# Cheer me up !



## garhtr (Jan 12, 2009)

This weather has me down, no safe ice and a low of 15 tonight might make for tough conditions tomorrow  
How about a story to cheer your fellow anglers up until Saturday. 
I'm certain if you've fished many days you've see something on the water that has made you laugh, how about sharing.
I once took a youngster, maybe 5 years old, on his first ice fishing trip. It was a perfect day for a kid, 50 degrees, a farm pond loaded with gills, at least 6" of ice and the fish were hungry. Rapidly we had several gills on the ice when I noticed the youngster had stopped fishing and had a pair of "flopping" fish pinned down with each of his hands and he was holding them tight against the ice. 
When I questioned him about what he was doing -- he said
" They're trying to break the ice with their tales " 
To this day I'm not certain if he was serious and actually though our fish could escape or at 5 he was just pulling my chain, 40 years ago and still makes me laugh.
Gotta story to cheer us up ? ?
Good luck and good fishing !


----------



## Workingman (Jan 21, 2016)

Don't have a story, but why didn't Cinderella win very many basketball games?


----------



## Workingman (Jan 21, 2016)

She had a pumpkin for a coach!


----------



## kingofamberley (Jul 11, 2012)

In a remote creek that I rarely see any sign of other people in, one day I rounded a bend and saw a middle aged woman in her thong undies and her dog splashing around in the water. I didn’t want to alarm her but it was clear that she didn’t notice me, so I kept my distance and pretended to be totally engaged in my fishing, while being a little extra noisy with my process to maybe alert her to my presence as I intended to pass her and work my way upstream. Well it worked, and she flew out of the water to her clothes so fast that you’d have thought she were bit by a piranha. I didn’t mean to ruin her time and by this point I feel pretty guilty. She shuffled past me with her dog muttering something about how it’s time to go anyways and disappeared in to the trees. There aren’t any houses near that spot so I’m not sure where she came from or went to.

I think OSG had a similar story about nearly naked girls in the river. You never know what you’ll find when you go fishing.
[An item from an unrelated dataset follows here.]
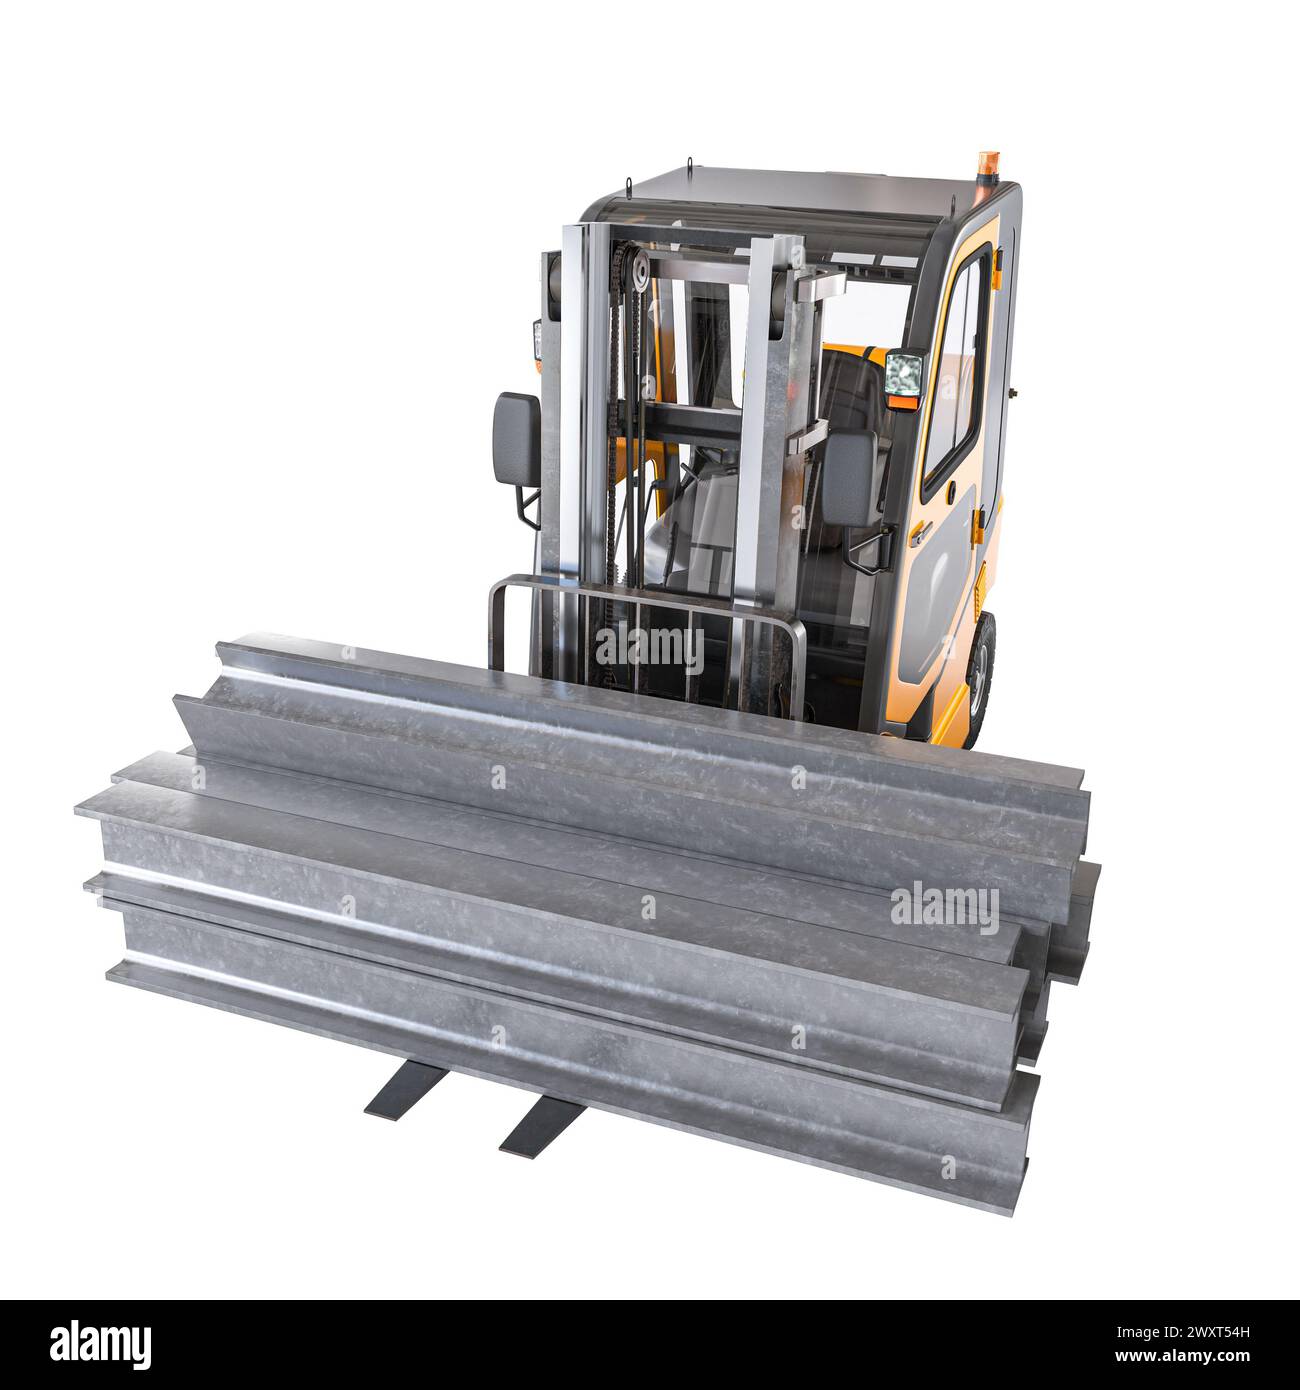 immagine 3d rappresentata di un carrello elevatore a forche in preparazione allo spostamento di travi in acciaio pesanti Foto Stock

Sent from my iPhone using Tapatalk


----------



## DJA (Jun 18, 2004)

Could you be more specific in regards to the location of this encounter


----------



## Shad Rap (Nov 10, 2010)

DJA said:


> Could you be more specific in regards to the location of this encounter


Sounds like a honey hole...


----------



## stonen12 (May 13, 2019)

The last three read all in one really cheered me up. Lol last Monday I was fishing the mad with a friend and I caught a nice brown and I asked him to take a picture, he said sure I proceeded to hand him my phone and he then dropped it as I was trying to remove the hook, he yelled with much anxiety, lucky for him the net caught the phone and the phone unhooked the fish. He was a nervous wreck the rest of the trip. It wouldn’t of been the first phone I lost in the river so I was not worried at all! Insurance is a great thing!


----------



## Southernsaug (May 23, 2019)

Stonen12....I learned the hard way not to keep my phone in a shirt pocket or on a belt. I lost one each way. Both in twenty to Thirty feet of water.


----------



## stonen12 (May 13, 2019)

Yeah, no fun loosing them but his reaction was priceless


----------



## floater99 (May 21, 2010)

I once watched my dad juggle his false teeth from going into the drink and his fishing rod at the same time I still laugh thinking about it


----------



## katfish ken (Feb 5, 2010)

Many years ago I was in W.Va early one spring trout fishing . Weather was much on the miserably side, drizzly rain that turned to snow. When the rain turned to snow it was big old wet flakes. Those trout started raising to the top and grabbing them snow flakes. I switched over to a small white bucktail streamer I had tied up. Needless to say I caught trout like there was no tomorrow.


----------



## bustedrod (May 13, 2015)

ice fishin a bunch of years ago my bud and i were sitting there pulling up some gills when all of a sudden a muskrat popped up out of the hole ran accross to the other hole and plop there he go. was so funny .......another time i think we were at mosquito ice fishin, there was great ice and it was snowing sideways , about 30 yds away some guys were in there hut throwing fish out on the ice, well there was a heron standing there and every time a fish came out the hut that bird gobbled it down, this went on for a minute and when the guys came out to stretch they were lookin for there fish, i was laughing so hard i almost couldnt tell them that bird had scarfed them down.


----------



## garhtr (Jan 12, 2009)

Great stories and thanks for sharing them.
I've kept a duck hunting log for nearly 40 seasons and always jotted down humorous events that occurred on the marsh and there have been many. Looking through my duck log always makes me laugh and I wish I had kept a fishing log to jog my memory of long forgotten fishing trips.
Today's forecast is also making me smile, unfortunately rain for the next couple of days but that's Spring.
Good luck and good fishing !


----------



## Nauti cat (Nov 30, 2009)

I was taking flying lessons out of Sky Park in Wadsworth and my instructor had me keep flying the pattern instead of landing turned out there was a couple skinny dipping in a small creek. I couldn't see until he had me make a hard right bank and look out his side the he made me land.


----------